The limitation was a simple one - using (Indirect),Y indexing to copy data around had an inherent cap on the length of stuff that could be moved, namely 256 bytes (as the Y-register is of course only 8 bits wide). I wanted VIC++ to have no imposed limit on string lengths, other than available memory, so that meant I needed logic that could manage and copy data of arbitrary lengths, and importantly of lengths greater than 256 bytes.

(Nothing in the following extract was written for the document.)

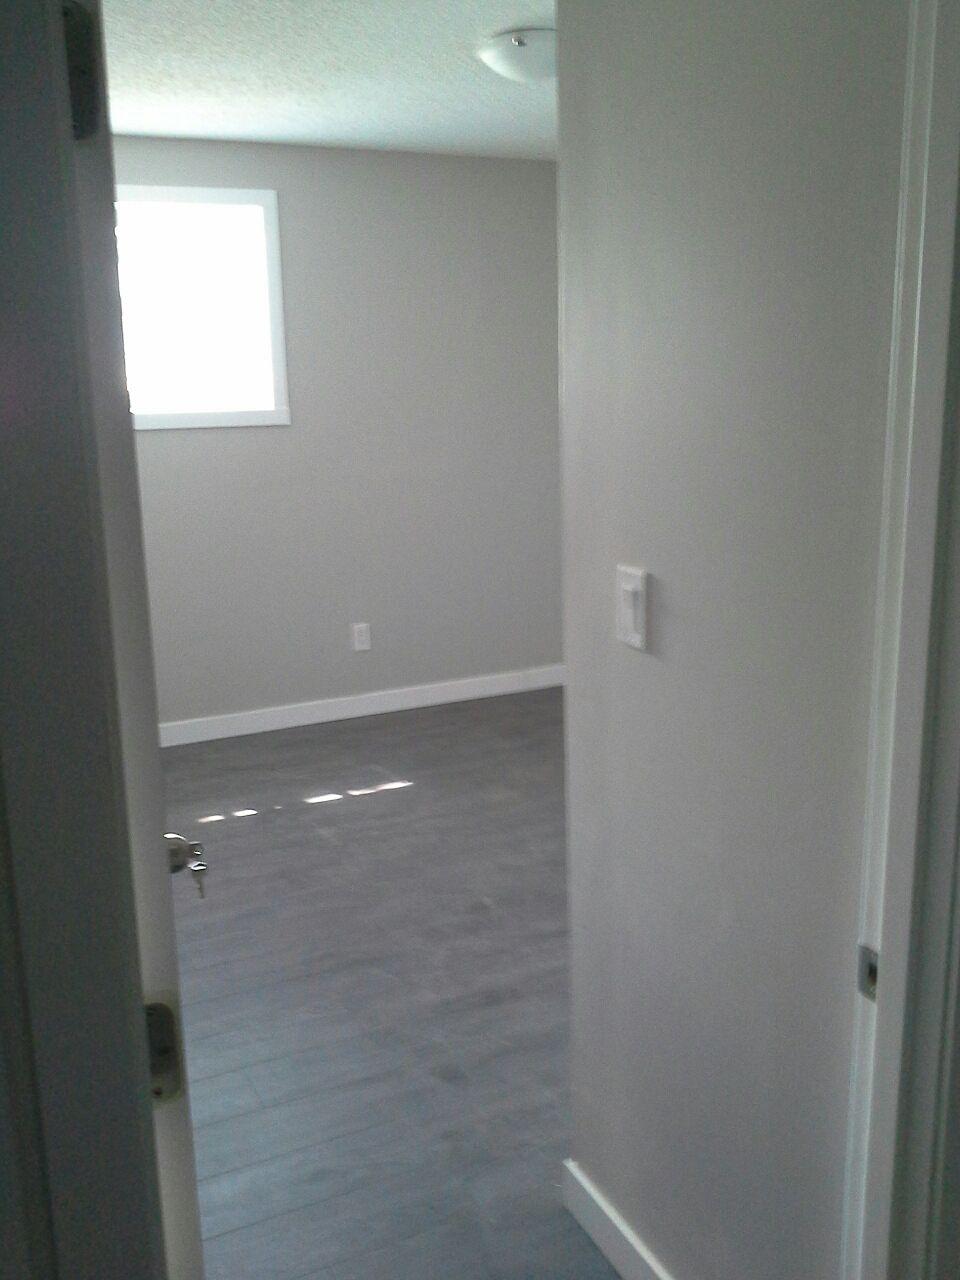 Calgary Basement For Rent Dalhousie Only Brand New Wiring Reno Lrt Nw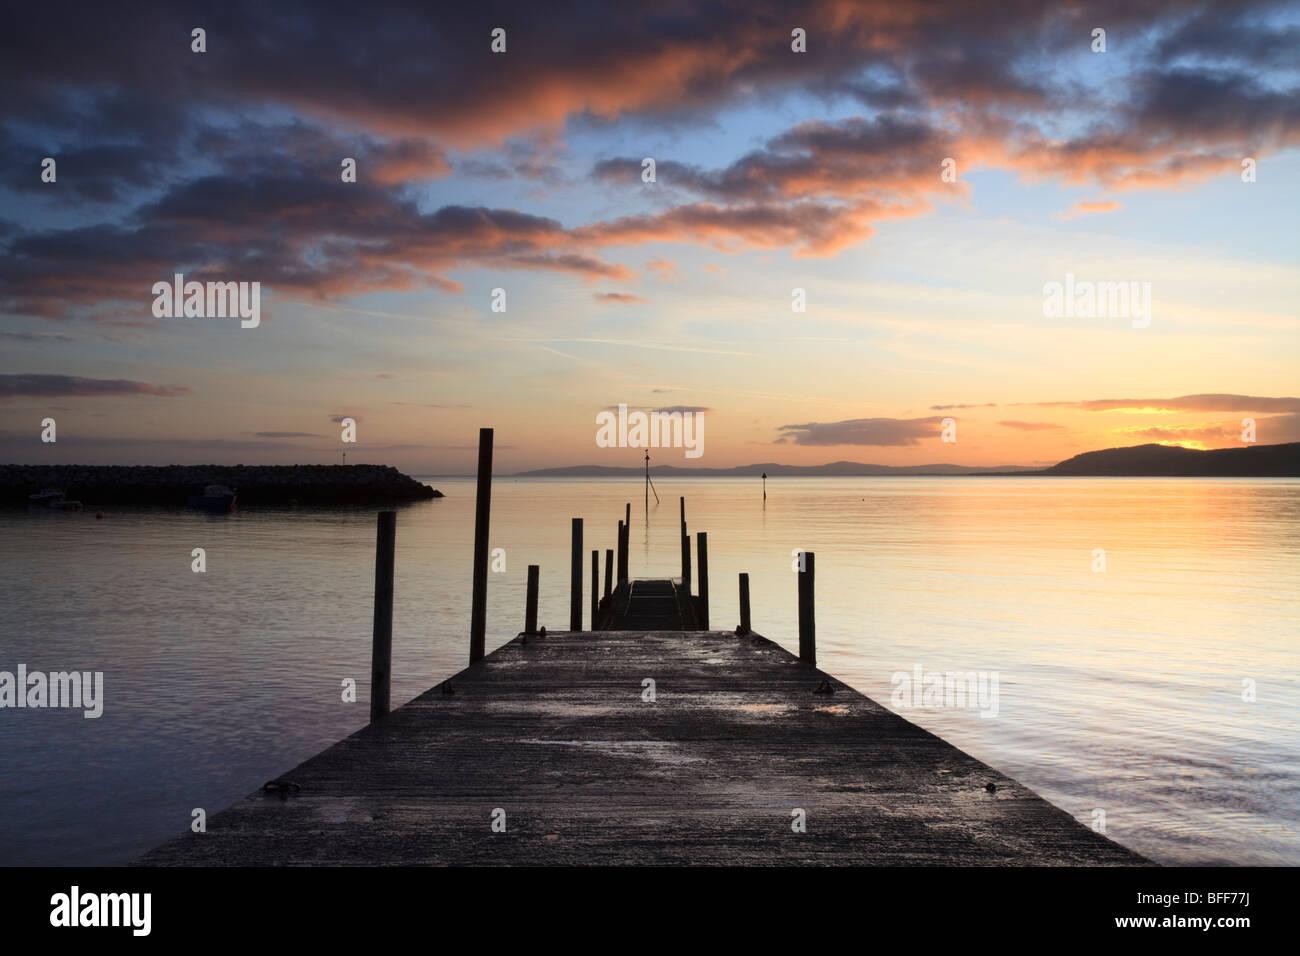 sunrise over Rhos on Sea, Llandrillo, Conwy, Wales, UK Stock Photo

Here's the first working version of an unlimited-length string copying routine:

copystr  SUBROUTINE  copy zero-terminated string (_COPYSRCE, _COPYDEST) [.A, .X, .Y]
         LDA _COPYSRCE       ; [3]   ZP get string start address lo-byte
         STA _TMPSRCE        ; [3]   ZP set temporary address lo-byte
         STA _BIN16L         ; [3]   ZP set subtraction lo-byte
         LDA _COPYSRCE+1     ; [3]   ZP get string start address hi-byte
         STA _TMPSRCE+1      ; [3]   ZP set temporary address hi-byte
         STA _BIN16H         ; [3]   ZP set subtraction hi-byte
         LDA _COPYDEST       ; [3]   ZP get target start address lo-byte
         STA _TMPDEST        ; [3]   ZP set temporary address lo-byte
         LDA _COPYDEST+1     ; [3]   ZP get target start address hi-byte
         STA _TMPDEST+1      ; [3]   ZP set temporary address hi-byte
         LDA #$00            ; [2]   initialise string length count
         STA _COPYLEN        ; [3]   ZP clear count hi-byte
         STA _COPYLEN+1      ; [3]   ZP clear count lo-byte
         LDY #$00            ; [2]   set string byte offset
.getbyte LDA (_TMPSRCE),Y    ; [5/6] get string byte from source
         STA (_TMPDEST),Y    ; [6]   set string byte at destination
         BEQ .calclen        ; [2/3] quit when we hit zero-terminator
         INC _TMPSRCE        ; [5]   ZP increment source address lo-byte
         BNE .incdest        ; [3/2] skip hi-byte increment unless lo-byte wrapped
         INC _TMPSRCE+1      ; [5]   ZP increment source address hi-byte
         BEQ .calclen        ; [2/3] quit if we hit end of memory
.incdest INC _TMPDEST        ; [5]   ZP increment target address lo-byte
         BNE .getbyte        ; [3/2] skip hi-byte increment unless lo-byte wrapped
         INC _TMPDEST+1      ; [5]   ZP increment target address hi-byte
         BNE .getbyte        ; [2/3] quit if we hit end of memory
.calclen LDA _TMPSRCE        ; [4]   get string start address lo-byte
         LDX _TMPSRCE+1      ; [4]   get string start address hi-byte
         JSR sub16bit        ; [6]   calculate length of copied string
         LDA _BIN16H         ; [3]   ZP get subtraction result hi-byte
         STA _COPYLEN        ; [4]   save copy length hi-byte
         LDA _BIN16L         ; [3]   ZP get subtraction result lo-byte
         STA _COPYLEN+1      ; [4]   save copy length lo-byte
         RTS                 ; [6]

We're using two pointers to the start of the source and destination addresses of the string to copy, which we copy into temporary spaces in Zero Page so we can do indirect addressing on them. The code sets the indirection offset to zero and then reads the first byte and stores it, then looks to see if we hit the zero-terminator (VIC++ strings are zero-terminated) which signals the end of the copy phase. If it's not the end of the string, we increment both temporary addresses, taking care to increment the hi-byte too if the lo-byte wraps, and go around again - the indirection index in .Y never changes, because we're altering the actual indirection address. When we either hit a zero-terminator or the end of memory we stop copying, calculate the length of what we copied with a call to sub16bit using the original source address and the post-copy incremented source address (the difference is a 16-bit value telling us how long it was) and we're done. No 256-byte limit. Yay!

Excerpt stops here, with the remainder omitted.